THE TASK:
Each line of the data below that contains "Template" must be copied.

DATA PROVIDED:
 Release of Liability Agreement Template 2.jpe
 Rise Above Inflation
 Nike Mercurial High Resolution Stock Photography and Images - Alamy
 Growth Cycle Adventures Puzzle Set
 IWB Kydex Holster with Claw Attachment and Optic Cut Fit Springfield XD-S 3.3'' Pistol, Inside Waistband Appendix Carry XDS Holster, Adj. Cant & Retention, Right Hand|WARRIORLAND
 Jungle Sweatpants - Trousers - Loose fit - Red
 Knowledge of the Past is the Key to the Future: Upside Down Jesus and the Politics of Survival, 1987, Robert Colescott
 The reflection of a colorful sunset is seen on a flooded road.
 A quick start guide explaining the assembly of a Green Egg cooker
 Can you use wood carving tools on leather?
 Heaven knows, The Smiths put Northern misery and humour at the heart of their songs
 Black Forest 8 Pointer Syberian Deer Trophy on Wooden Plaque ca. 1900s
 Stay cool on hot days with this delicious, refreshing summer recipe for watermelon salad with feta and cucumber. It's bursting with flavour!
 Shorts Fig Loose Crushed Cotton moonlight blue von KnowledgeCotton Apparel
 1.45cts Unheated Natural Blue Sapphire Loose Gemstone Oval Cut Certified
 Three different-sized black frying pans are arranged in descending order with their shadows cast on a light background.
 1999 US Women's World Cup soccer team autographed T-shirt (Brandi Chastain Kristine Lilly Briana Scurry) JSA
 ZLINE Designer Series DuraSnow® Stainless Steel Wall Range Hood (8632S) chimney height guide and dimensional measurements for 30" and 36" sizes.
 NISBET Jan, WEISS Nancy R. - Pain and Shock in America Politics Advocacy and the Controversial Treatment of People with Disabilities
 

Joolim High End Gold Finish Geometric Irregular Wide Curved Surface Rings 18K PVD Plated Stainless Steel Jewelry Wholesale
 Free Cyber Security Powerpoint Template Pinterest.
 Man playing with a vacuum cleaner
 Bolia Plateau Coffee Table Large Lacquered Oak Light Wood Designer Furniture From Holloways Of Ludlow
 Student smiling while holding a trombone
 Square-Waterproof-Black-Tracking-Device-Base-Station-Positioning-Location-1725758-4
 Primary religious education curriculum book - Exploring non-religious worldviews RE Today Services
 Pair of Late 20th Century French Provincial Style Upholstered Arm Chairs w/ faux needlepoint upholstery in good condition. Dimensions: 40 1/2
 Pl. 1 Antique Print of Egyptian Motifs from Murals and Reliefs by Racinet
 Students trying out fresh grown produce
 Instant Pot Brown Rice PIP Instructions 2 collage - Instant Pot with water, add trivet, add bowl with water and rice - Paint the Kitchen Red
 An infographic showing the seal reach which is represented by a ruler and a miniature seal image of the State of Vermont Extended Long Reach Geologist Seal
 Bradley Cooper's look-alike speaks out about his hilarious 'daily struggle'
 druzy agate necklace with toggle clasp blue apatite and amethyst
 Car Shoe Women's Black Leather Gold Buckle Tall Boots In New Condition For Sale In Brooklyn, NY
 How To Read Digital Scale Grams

RESPONSE TO THIS TASK:
 Release of Liability Agreement Template 2.jpe
 Free Cyber Security Powerpoint Template Pinterest.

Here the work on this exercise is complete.